Open Access Research article

Genome-wide comparison between IL-17 and combined TNF-alpha/IL-17 induced genes in primary murine hepatocytes

Titus Sparna1, Julia Rétey2, Kathrin Schmich1, Ute Albrecht3, Katrin Naumann1, Norbert Gretz4, Hans-Peter Fischer2, Johannes G Bode3 and Irmgard Merfort1*

Author Affiliations

1 Department of Pharmaceutical Biology and Biotechnology, University of Freiburg, D-79104 Freiburg, Germany

2 Genedata AG, Maulbeerstrasse 46, CH-4016 Basel, Switzerland

3 Department of Gastroenterology, Hepatology and Infectiology, Heinrich Heine University Düsseldorf, D-40225 Düsseldorf, Germany

4 Medical Research Center, University Hospital Mannheim, D-68135 Mannheim, Germany

For all author emails, please log on.

BMC Genomics 2010, 11:226  doi:10.1186/1471-2164-11-226

Published: 7 April 2010



Cytokines such as TNF-alpha and IL-1beta are known for their contribution to inflammatory processes in liver. In contrast, the cytokine IL-17 has not yet been assigned a role in liver diseases. IL-17 can cooperate with TNF-alpha to induce a synergistic response on several target genes in different cell lines, but no data exist for primary hepatocytes.
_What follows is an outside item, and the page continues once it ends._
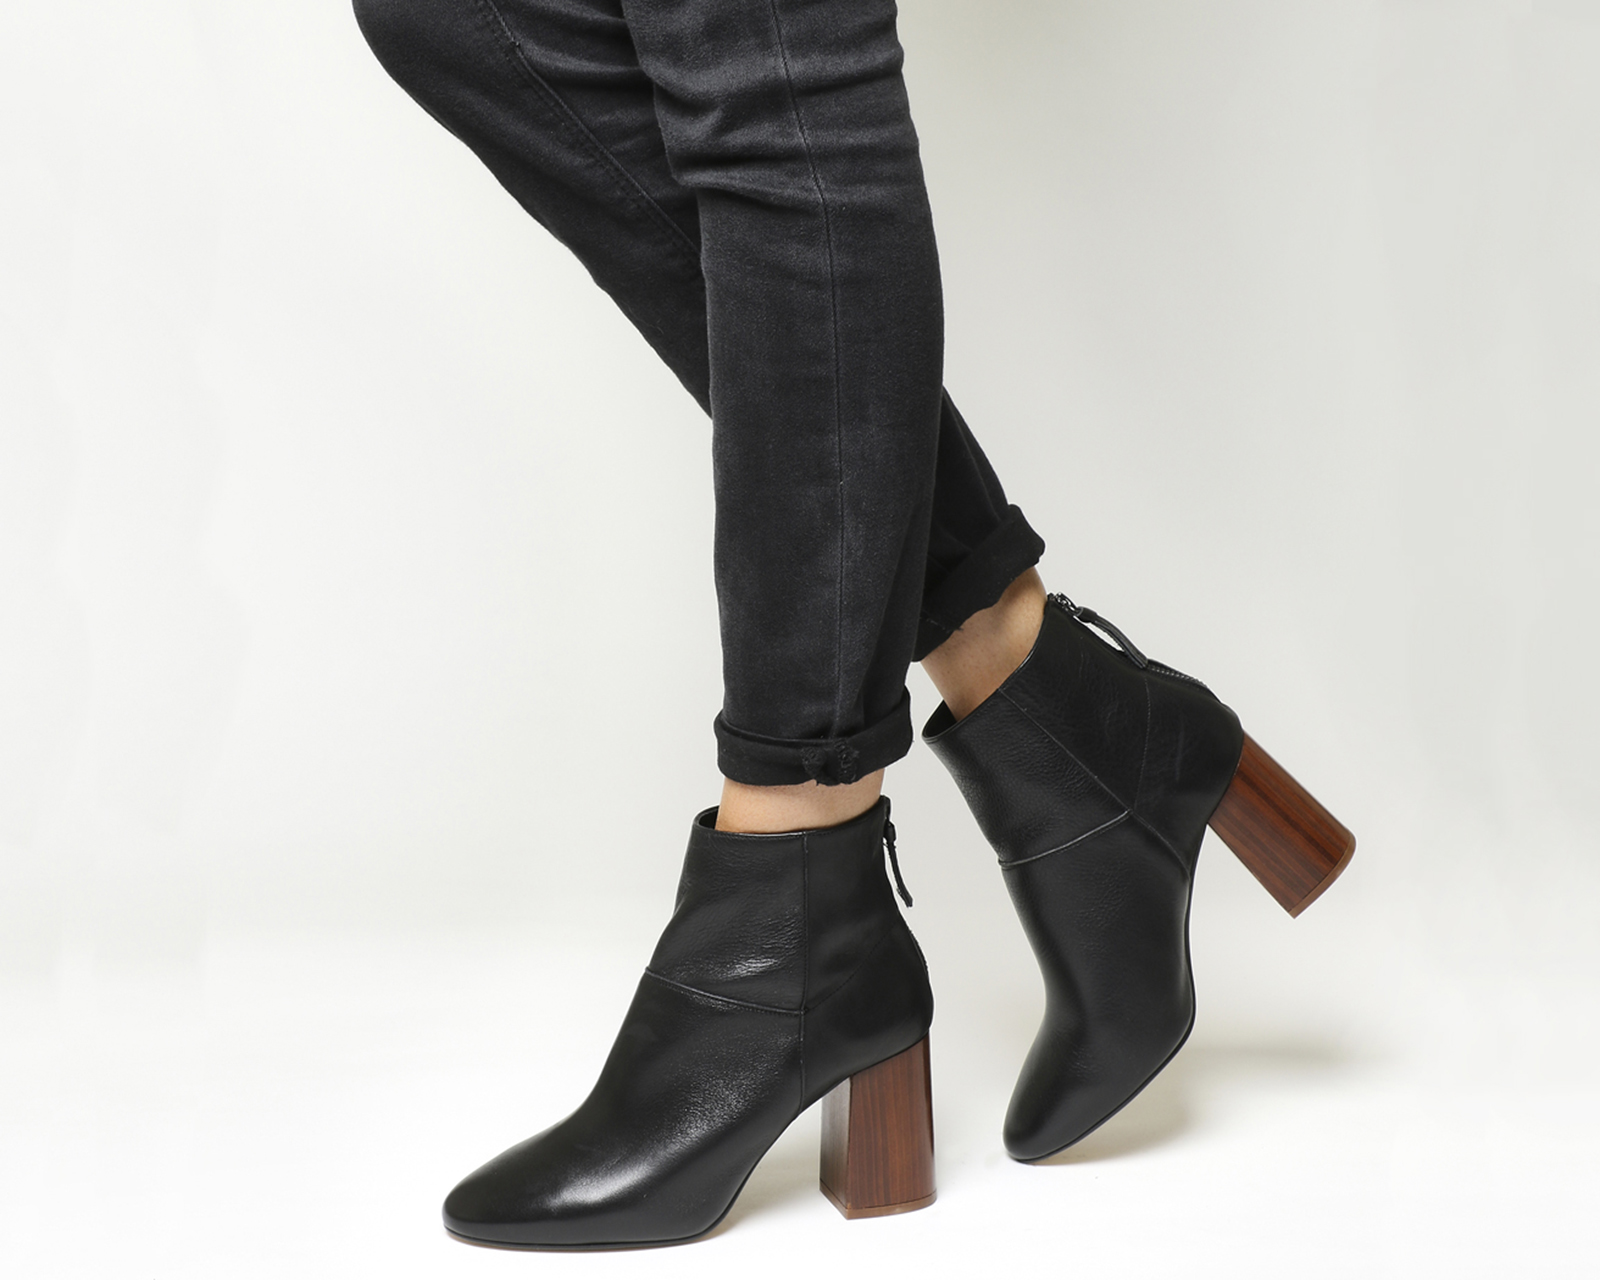 OFFICE Lavender Block Boots Black Leather - Women's Ankle Boots

To enhance our knowledge on the impact of IL-17 alone and combined with TNF-alpha in primary murine hepatocytes a comprehensive microarray study was designed. IL-1beta was included as this cytokine is suggested to act in a similar manner as the combination of TNF-alpha and IL-17, especially with respect to its role in mRNA stabilization.
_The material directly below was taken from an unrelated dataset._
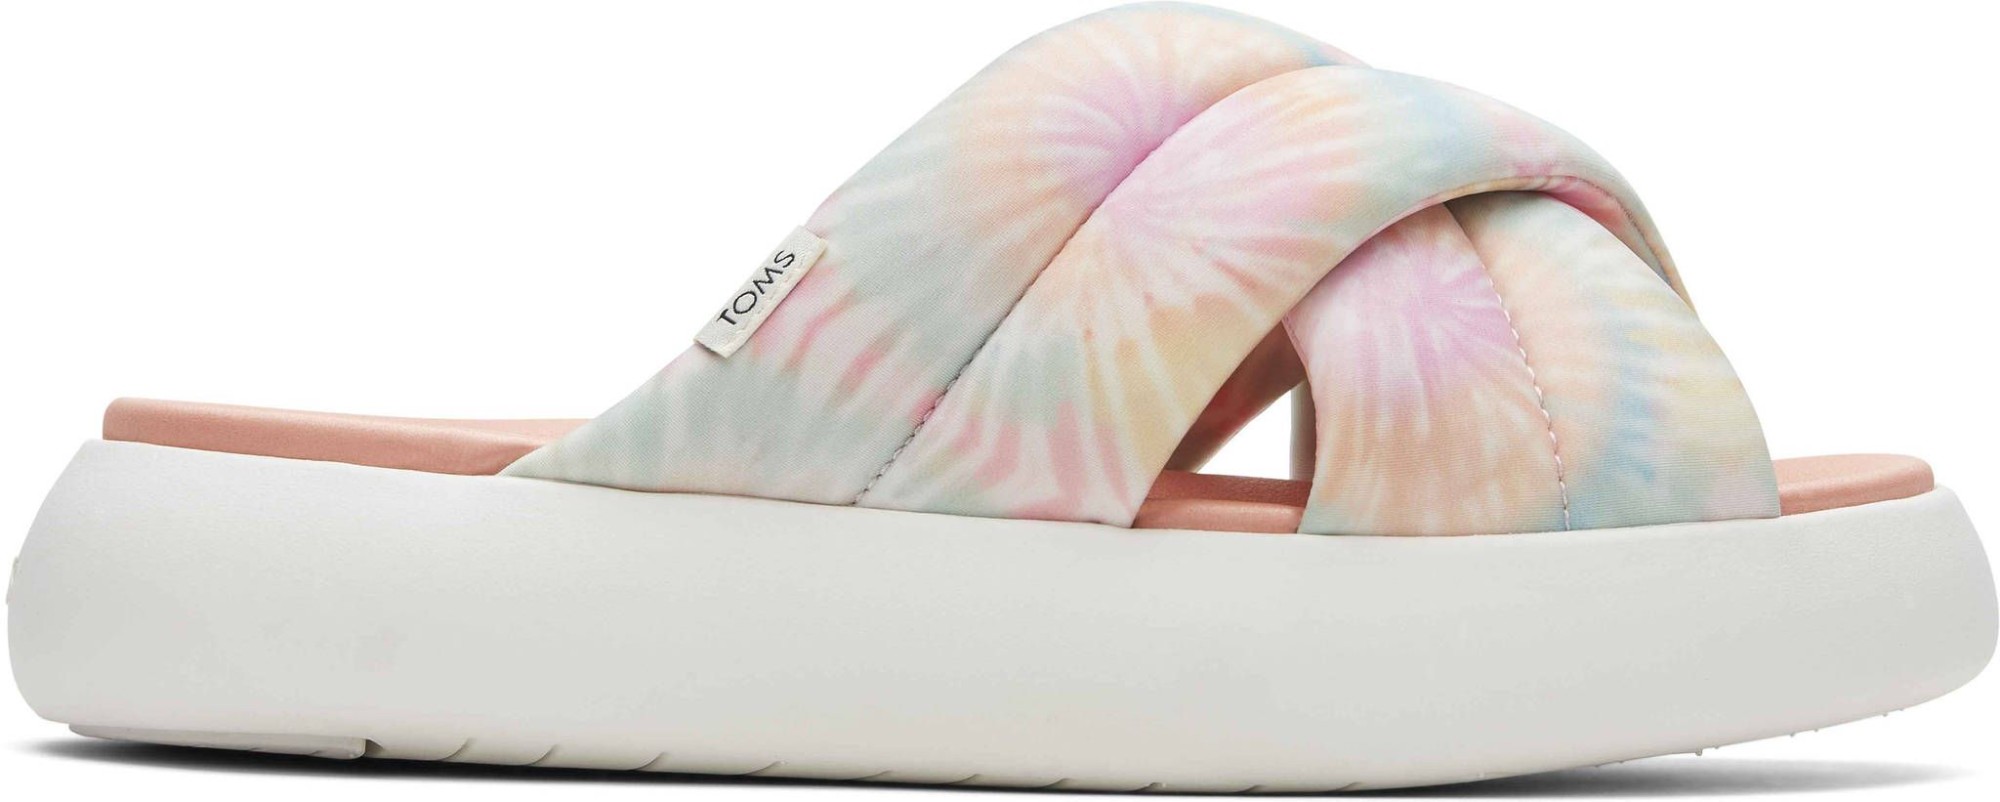 TOMS TieDye Repreve Jersey Mallow Crossover Sandal Candy Pink 36,5

The present microarray analysis demonstrates that primary murine hepatocytes responded to IL-17 stimulation by upregulation of chemokines and genes, which are functionally responsible to increase and sustain inflammation. Cxcl2, Nfkbiz and Zc3h12a were strongly induced, whereas the majority of the genes were only very moderately up-regulated. Promoter analysis revealed involvement of NF-kappaB in the activation of many genes. Combined stimulation of TNF-alpha/IL-17 resulted in enhanced induction of gene expression, but significantly synergistic effects could be applied only to a few genes, such as Nfkbiz, Cxcl2, Zc3h12 and Steap4. Comparison of the gene expression profile obtained after stimulation of TNF-alpha/IL-17 versus IL-1beta proposed an "IL-1beta-like effect" of the latter cytokine combination. Moreover, evidence was provided that modulation of mRNA stability may be a major mechanism by which IL-17 regulates gene expression in primary hepatocytes. This assumption was exemplarily proven for Nfkbiz mRNA for the first time in hepatocytes. Our studies also suggest that RNA stability can partially be correlated to the existence of AU rich elements, but further mechanisms like the RNase activity of the up-regulated Zc3h12a have to be considered.


Our microarray analysis gives new insights in IL-17 induced gene expression in primary hepatocytes highlighting the crosstalk with the NF-kappaB signaling pathway. Gene expression profile suggests IL-17 alone and in concert with TNF-alpha a role in sustaining liver inflammatory processes. IL-17 might exceed this function by RNA stabilization.